- Opening Delimiter -

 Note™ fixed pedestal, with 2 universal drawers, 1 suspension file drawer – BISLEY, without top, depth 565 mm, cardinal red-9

- Closing Delimiter -
- Opening Delimiter -

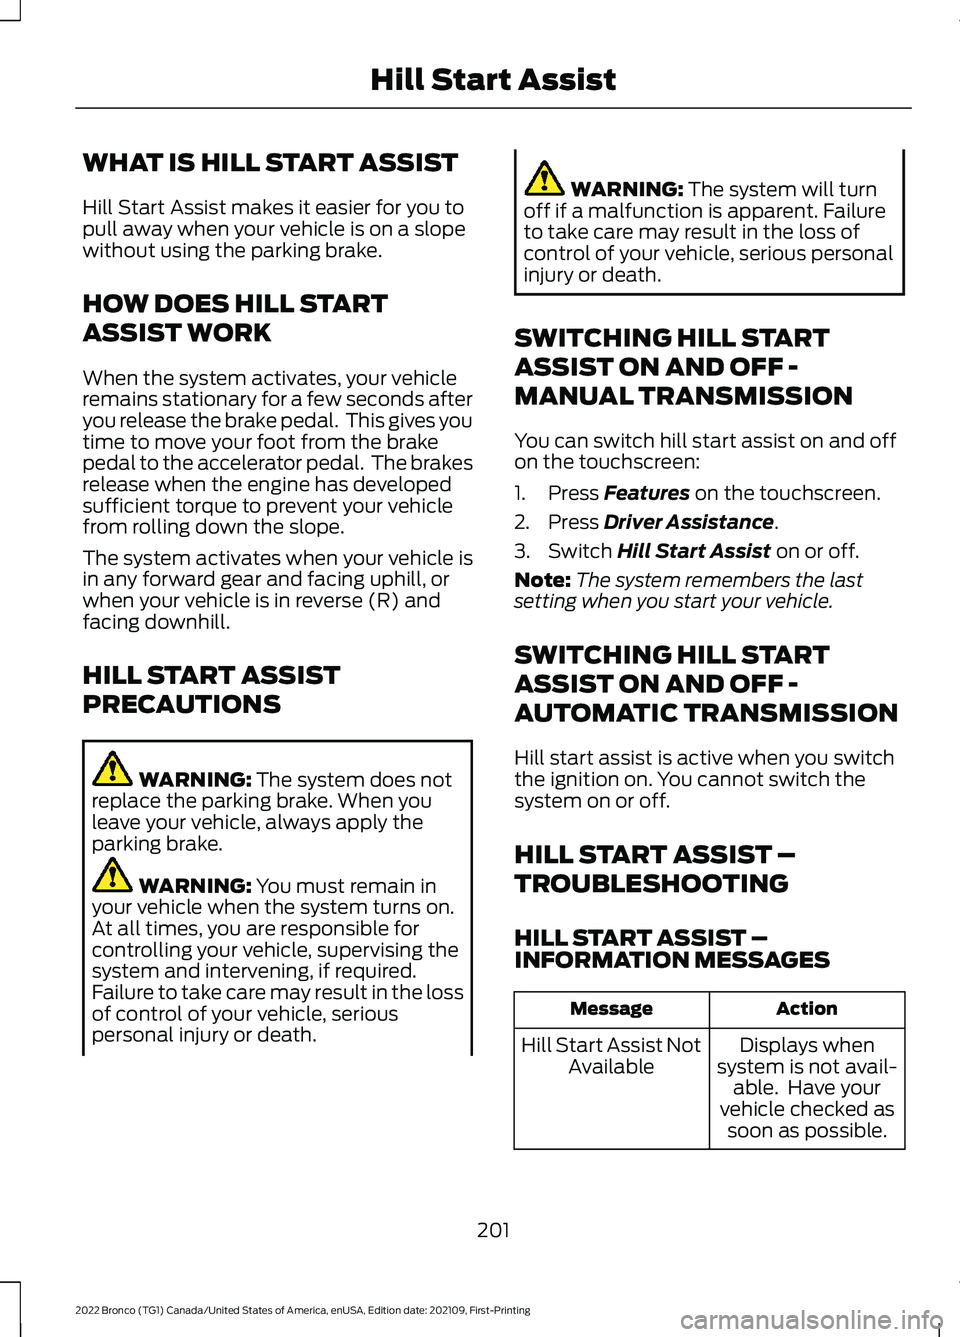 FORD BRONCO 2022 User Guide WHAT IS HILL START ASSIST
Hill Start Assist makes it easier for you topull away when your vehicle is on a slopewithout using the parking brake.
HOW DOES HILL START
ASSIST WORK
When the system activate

- Closing Delimiter -

What you will do » Above are the records; from them, give again exactly the lines from the one containing "HOW DOES HILL START" through the one containing "When the system activate", both included.

Solution »
HOW DOES HILL START
ASSIST WORK
When the system activate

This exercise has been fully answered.